In the paper under review, the authors study several problems which are related, in a broad sense, with the Hermite interpolation. Assume that \(\mathbb{K}\) is a field. In the mentioned interpolation problem one wants to determine the least degree of a homogeneous form that, given a set of \(s\) points \(Z\) in \(\mathbb{P}^{N}\) and positive integers \(m_{1},\dots,m_{s}\), vanishes to order \(m_{i}\) at the point \(P_{i}\) for every \(i\).
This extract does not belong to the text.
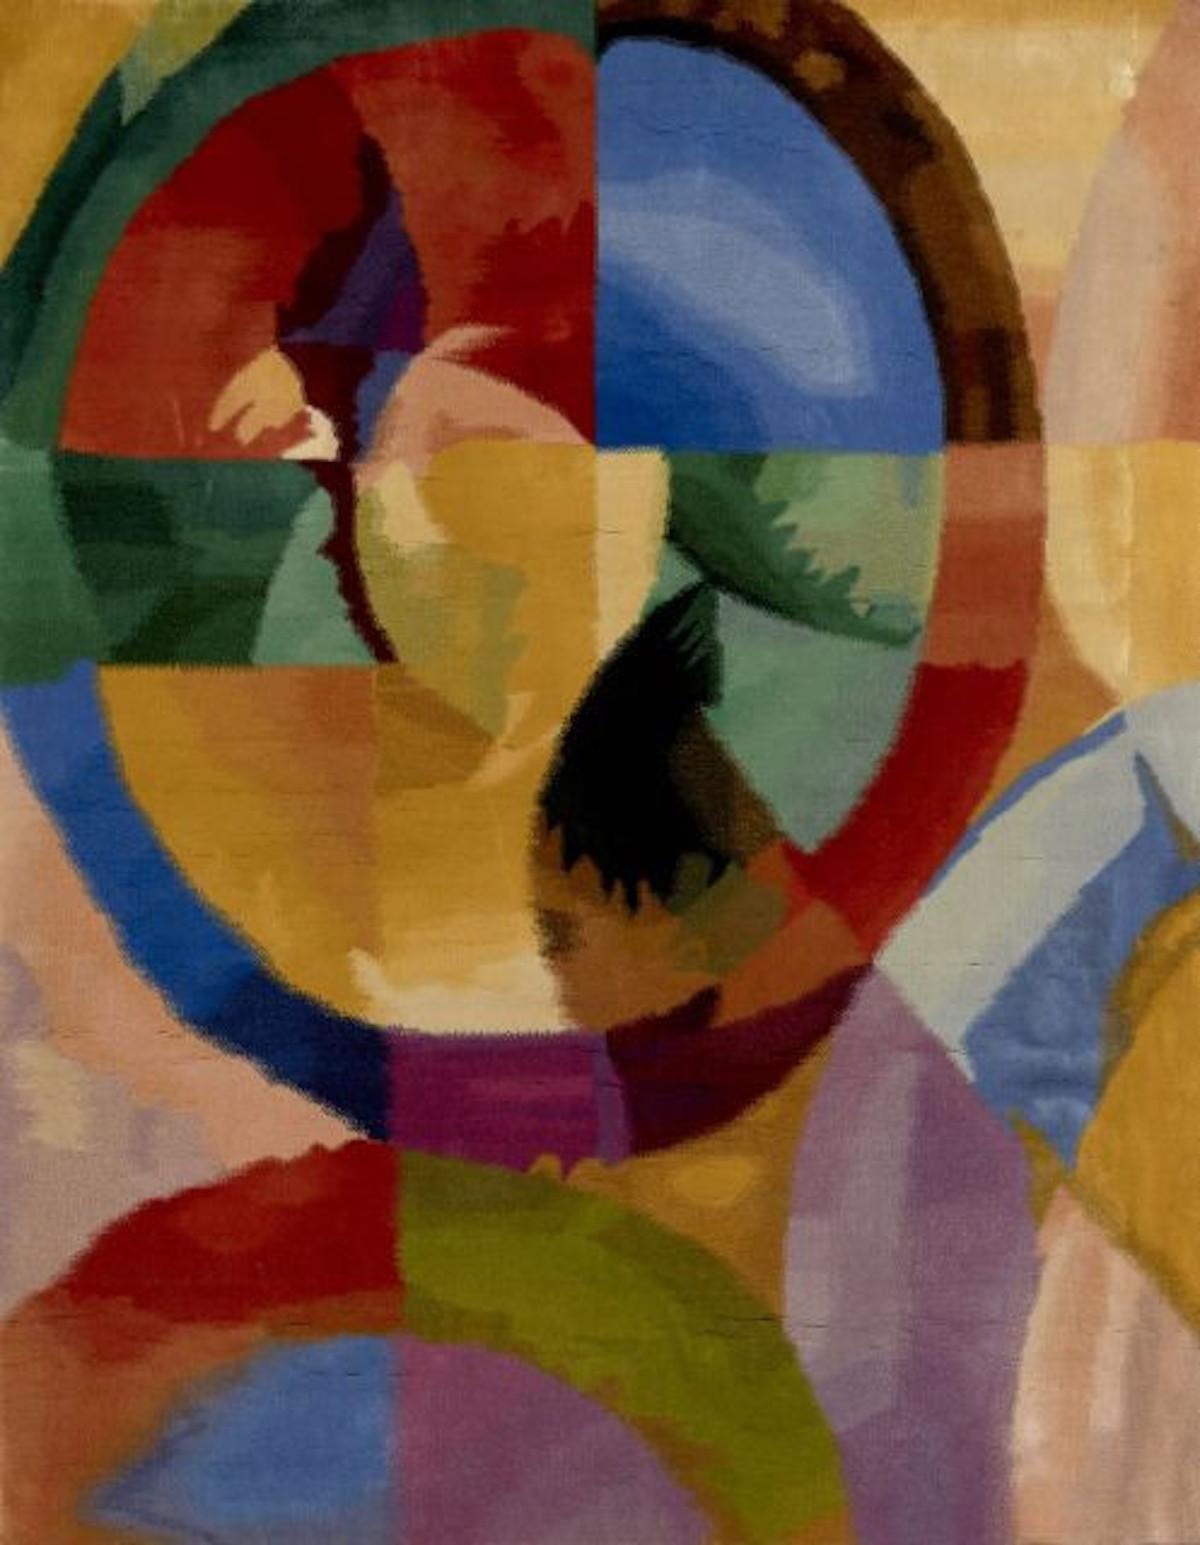 Soleil n.1. by Robert Delaunay, 1980 ca, Silk wool Tapestry woven on Canvas 2

This problem is very difficult and it remains open if we restrict our attention to the case \(k=m_{1} = \dots = m_{s}\). In this case, the polynomials vanishing to order \(k\) at every point of \(Z\) form an ideal \(I^{(k)}_{Z}\) that is called \(k\)-th symbolic power of the ideal \(I_{Z}\) of \(Z\), and the least degree of a non-zero element from \(I^{(k)}_{Z}\) is denoted by \(\alpha(I^{(k)}_{Z})\). In order to formulate the main results let us recall that a finite set \(Z = \{P_{0}, \dots, P_{s}\} \subset \mathbb{P}^{N}\) of points is said to be in linearly general position if any subset of \(Z\) with \(r+1 \leq N+1\) points spans an \(r\)-dimensional linear subspace. We also say that a set of linear forms in \(R = \mathbb{K}[x_{0}, \dots, x_{N}]\) is in linearly general position if the set of dual points in \(\mathbb{P}^{N}\) has this property.
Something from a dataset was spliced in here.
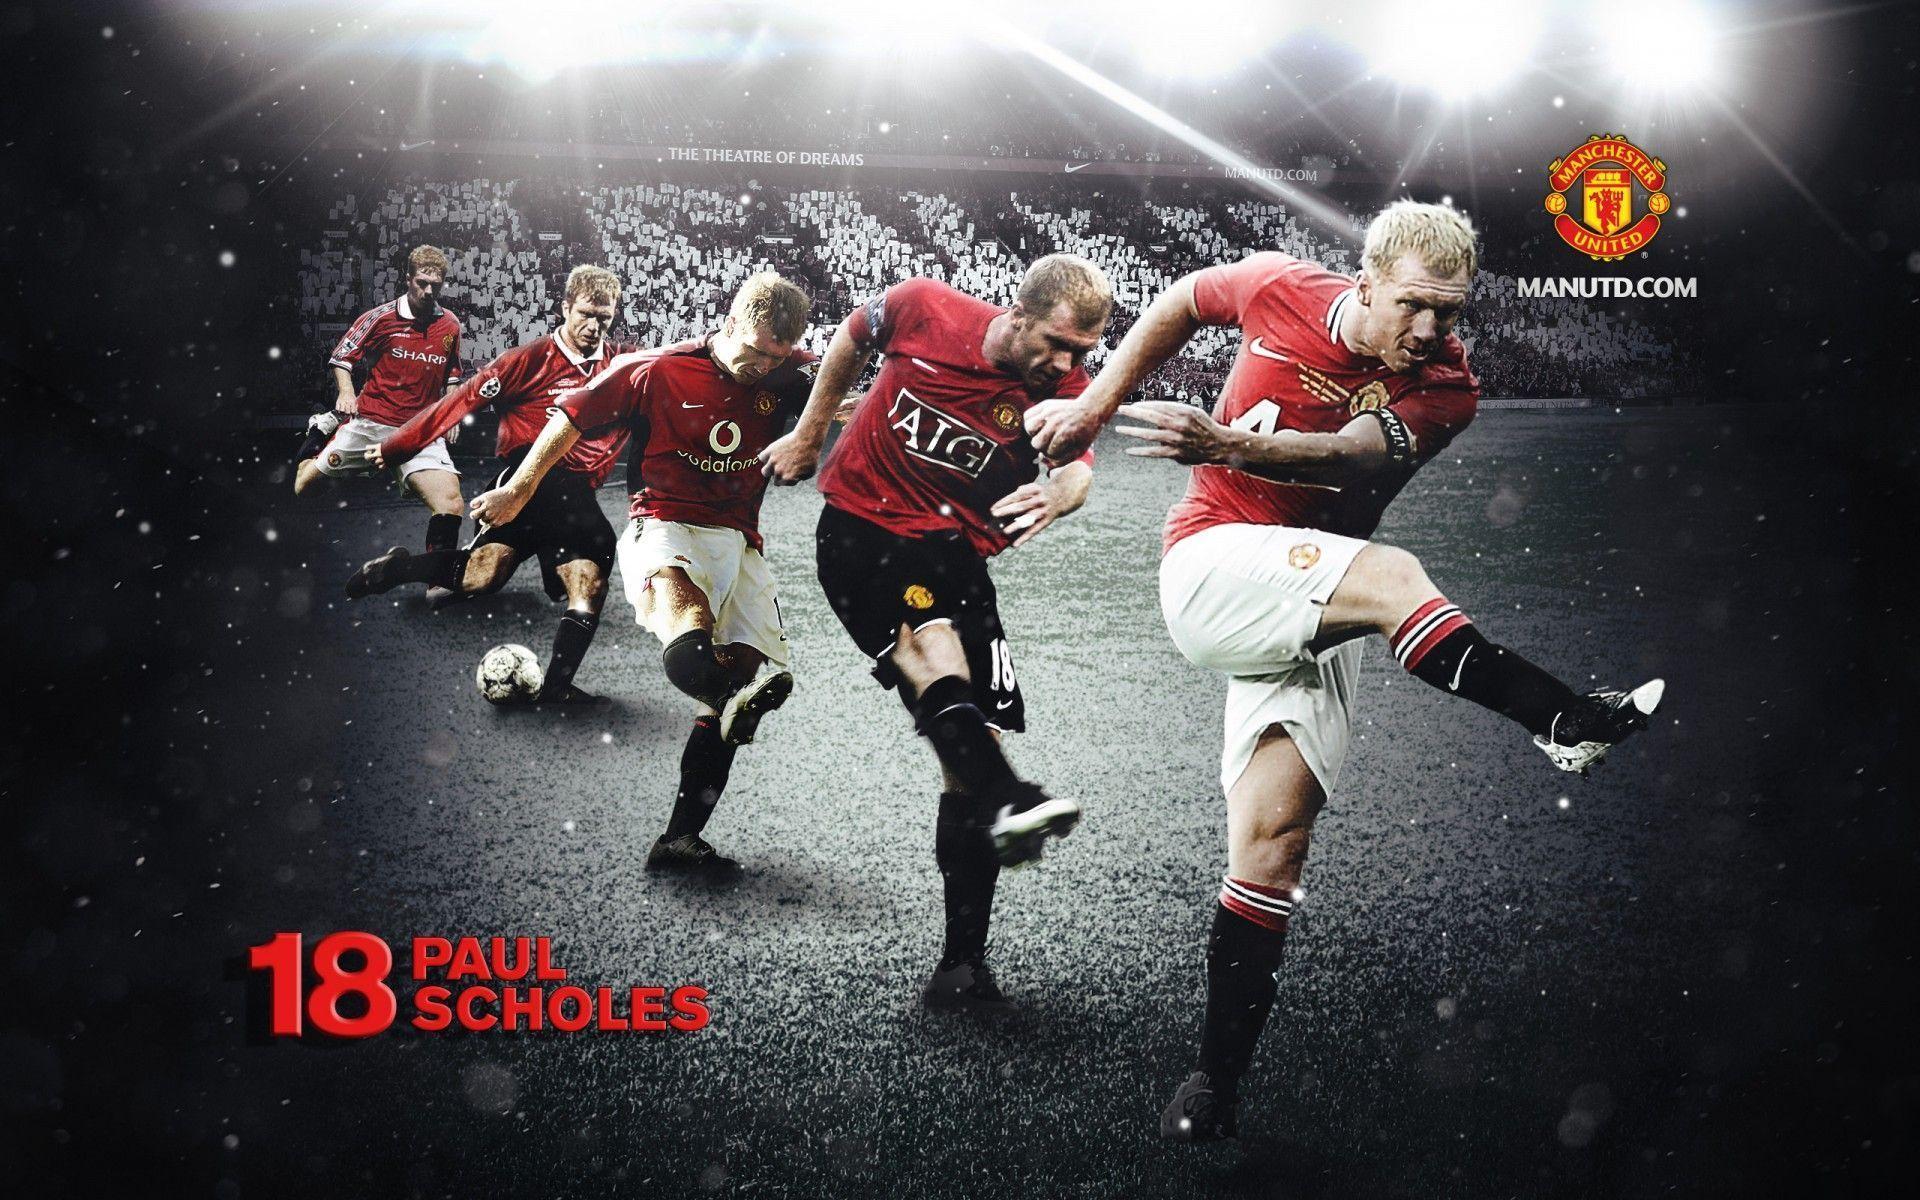 Manchester United Logo Wallpapers HD 2015 - Wallpaper Cave

Theorem A. Let \(Z \subset \mathbb{P}^{N}\) be a subset of \(N+2\) points spanning \(\mathbb{P}^{N}\). Denote by \(\ell_{1}, \dots, \ell_{N+2}\) linear forms that are dual to the given points. Let \(t\) be the least integer such that some subset of \(t+2\) points \(Z\) is linearly dependent, so \(1 \leq t \leq N\). Then for every \(d > 0\) and \(k > 0\) one has \[\operatorname{reg} R/(\ell_{1}^{d}, \dots, \ell_{N+2}^{d}) = \bigg\lfloor \frac{(2N+2-t)(d-1)}{2}\bigg\rfloor,\] \[\alpha(I_{Z}^{(k)}) = \bigg\lceil \frac{(2N+2-t)k}{2N-t}\bigg\rceil,\] where \(\operatorname{reg}(\cdot)\) denotes the Castelnuovo-Mumford regularity.
An analogous result was obtained for subsets of \(N+3\) points in \(\mathbb{P}^{N}\) in linearly general position, but a formulation of that result is much more complicated.
The next result is devoted to Demailly’s conjecture. Let us recall that the Waldschmidt constant is defined as \[ \hat{\alpha}(I) = \lim_{k \rightarrow \infty} \frac{\alpha(I^{(k)})}{k}, \] where \(I\) is a non-zero homogeneous ideal.
Conjecture. Any finite set of points \(Z \subset \mathbb{P}^{N}\) satisfies \[ \hat{\alpha}(I_{Z}) \geq \frac{\alpha(I_{Z}^{(k)})+N-1}{N+k-1} \] for every \(k \geq 1\).
Theorem B. Let \(Z \subset \mathbb{P}^{N}\) be a set of at most \(N+3\) points spanning \(\mathbb{P}^{N}\). If \(|Z| = N+3\), suppose that \(Z\) is in linearly general position. Then Demailly’s conjecture is true for \(Z\) and every \(k\geq 1\) unless \(|Z|=N+3\) and \(N\) is odd. In the latter case, Demailly’s conjecture holds whenever \(k \geq \frac{(N^{2}+N+1)(N^{2}+2N-1)}{2(N+2)}\).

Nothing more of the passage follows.